Caretakers at the Cleveland Metroparks Zoo are celebrating today after the birth of two brand new Amur tiger cubs. The cubs made their public debut at the zoo on January 31. But there's still a big problem — they don't have names! So the zoo is turning to the public for help in picking out the perfect monikers for their new additions.
The cubs were born back on November 6 to their parents Zoya and Hector.
Cleveland Metroparks Zoo released a statement about the cubs' birth, which was obtained by WKYC.
"The cubs are now 12 weeks old, weigh over 25 pounds and have reached several developmental milestones including transitioning to a meat diet, gaining strength and agility and spending time separated from mom," they said in the press release.
"As the cubs adjust to their new habitat, guests will have a chance to see them daily at Rosebrough Tiger Passage, with mornings being the best time to see them as they adjust to their new habitats," the statement reads.
As for the names, the zoo has narrowed their options down for each cub. For the female cub, they've selected Mila, Karina, and Anoushka. As for the male cub they've chosen Ivan, Boris, and Sergei. The zoo has since said that "each of the name options are culturally significant to the communities where Amur tigers live."
The zoo even shared a short video of the cubs on TikTok, which shows the two playing around in their enclosure. "In their debut era," the video's caption jokes.
Amur Tiger Facts
You may know the Amur Tiger by their other well-known moniker — the Siberian tiger. These cats are some of the largest in the world. Males can weigh up to 160-190 kg, while females can weigh up to 110-130 kg.
Despite their larger size, their population numbers are actually small.
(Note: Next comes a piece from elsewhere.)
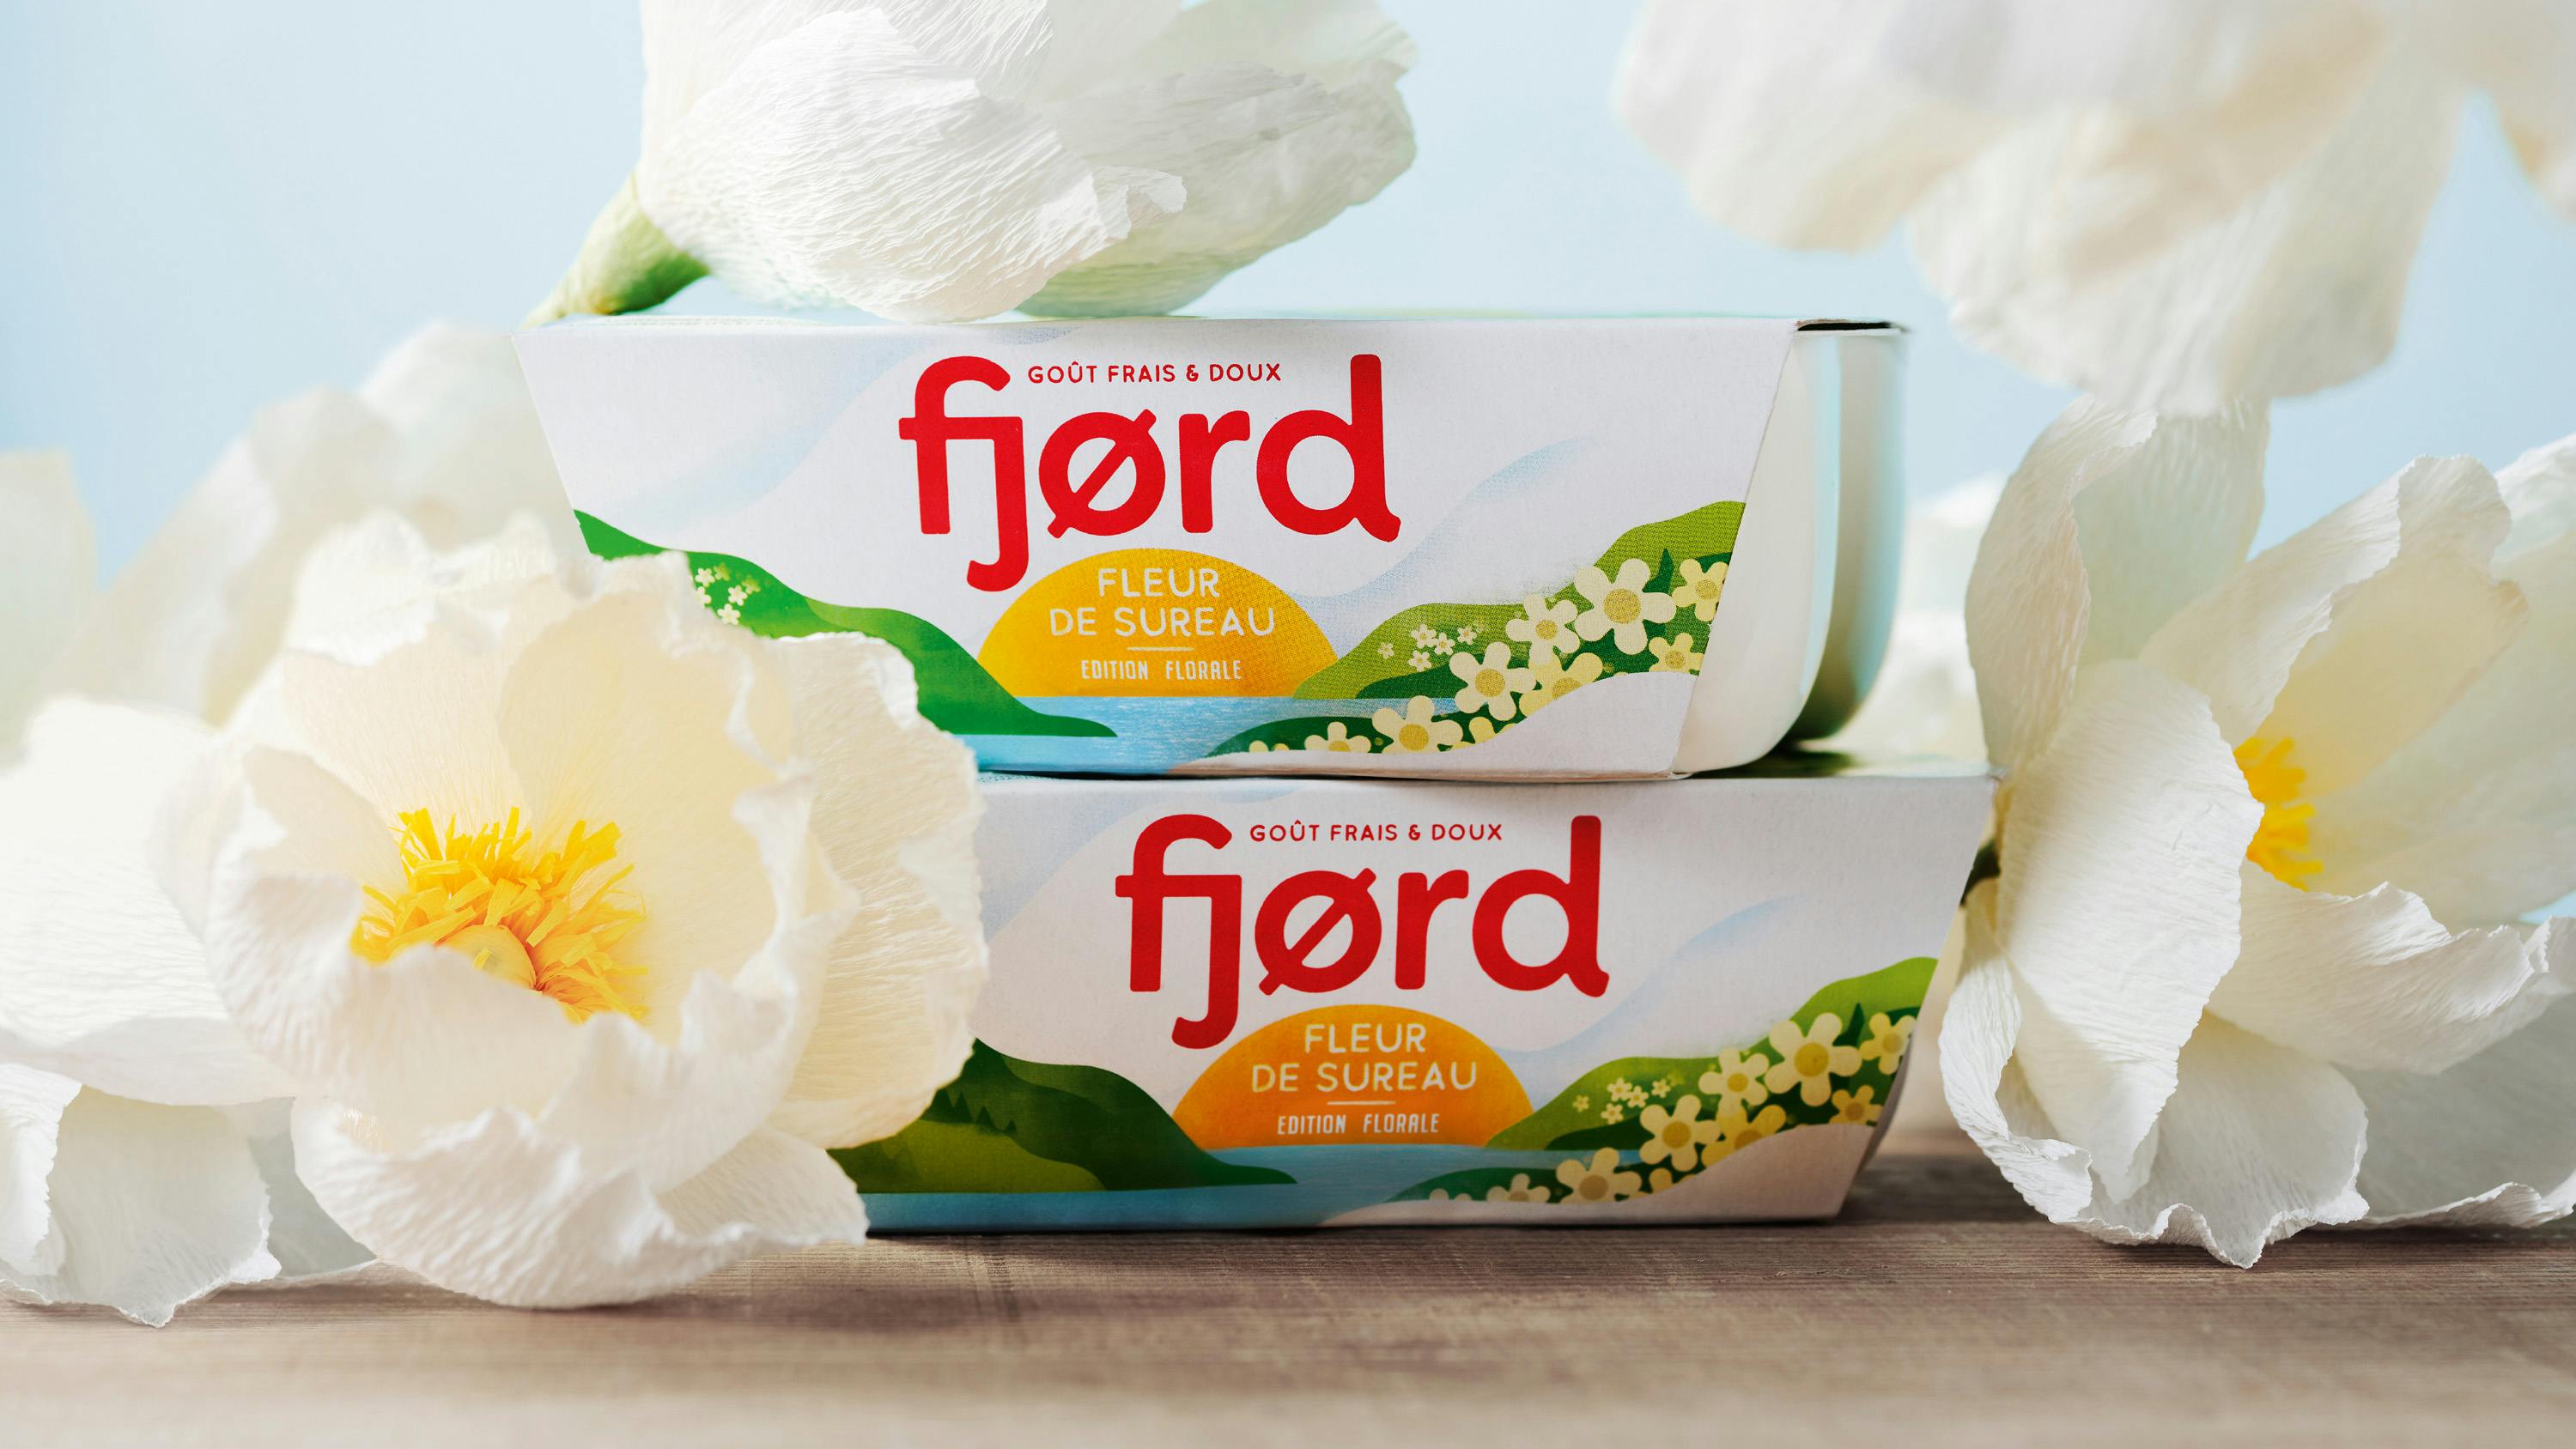 Danone Fjord yogurt packaging

According to a IUCN Red List assessment published in 2022, there is only an estimated 265–486 in the Russian Far East and a small number of Amur Tigers running across the border into China and possibly North Korea.
In the 1940s, Amur Tigers were on the brink of extinction. Sadly there were less than 50 Amur Tigers left in the world. Thankfully conservation efforts and new legislation helped strengthen the numbers of Amur Tigers, but they are still technically considered an endangered species.
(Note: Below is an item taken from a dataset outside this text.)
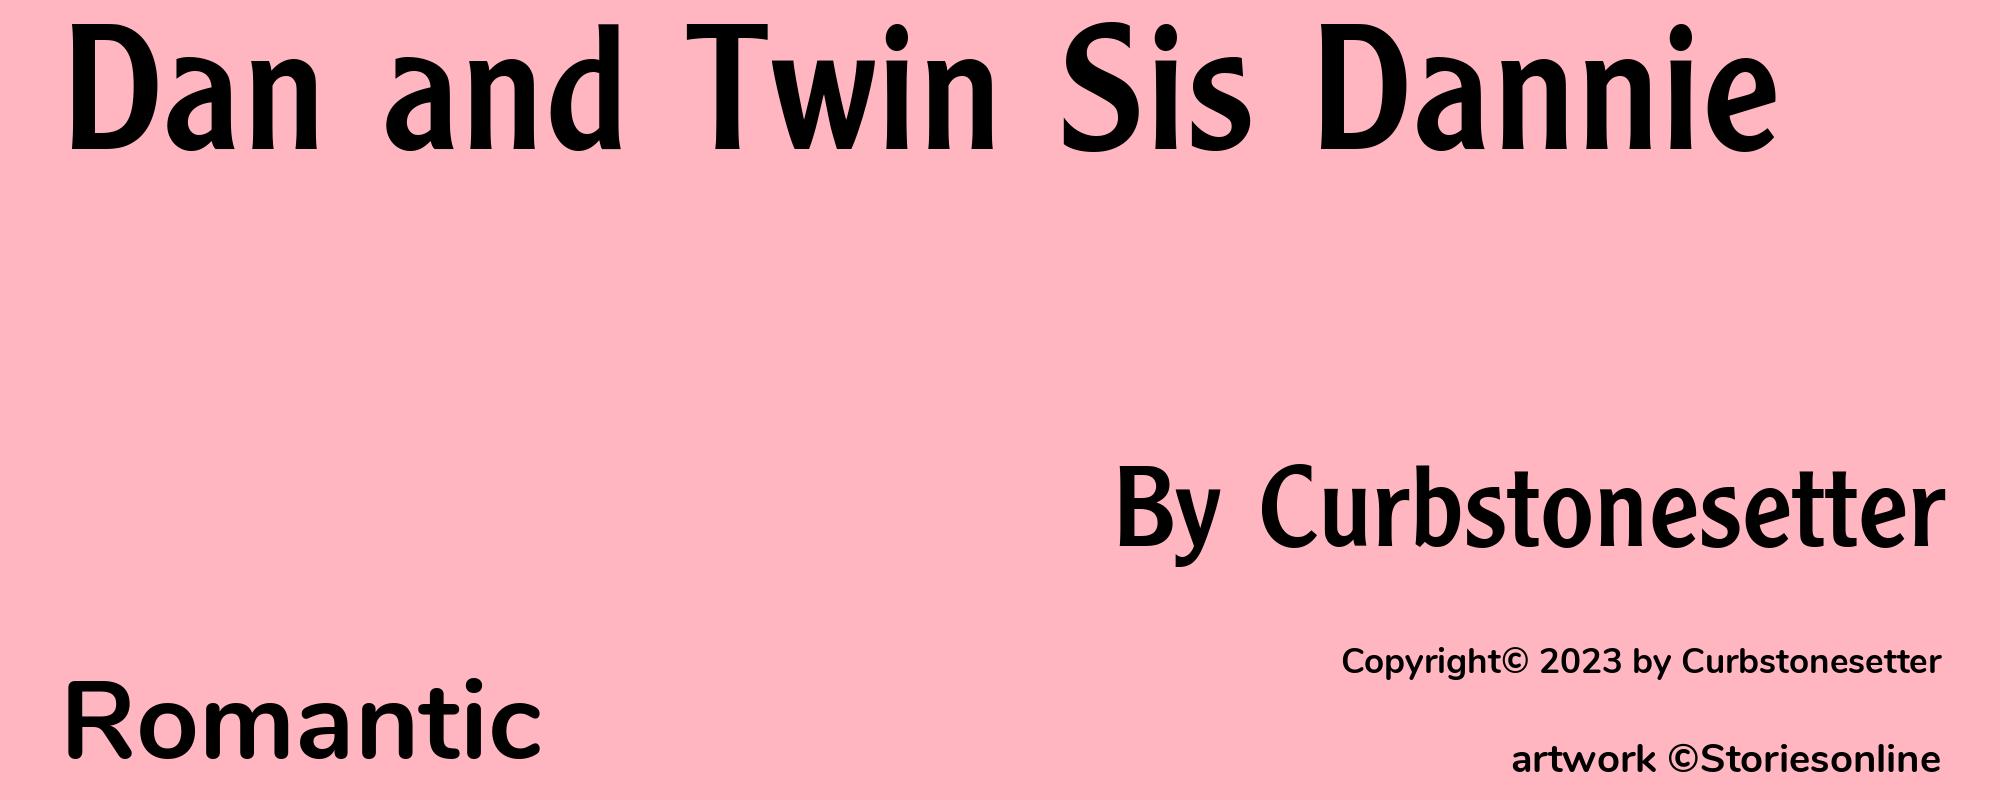 Dan and Twin Sis Dannie - Cover

If you want to weigh in on the names of the Cleveland Metroparks Zoo cubs, you can go to the Cleveland Metroparks Zoo website and vote up to February 12. To vote, you'll need to make a donation, but all money donated will be used to support wildlife conservation and combating illegal wildlife trade. The zoo will announce the winners on February 14.
So we guess you could say this is another reason to celebrate.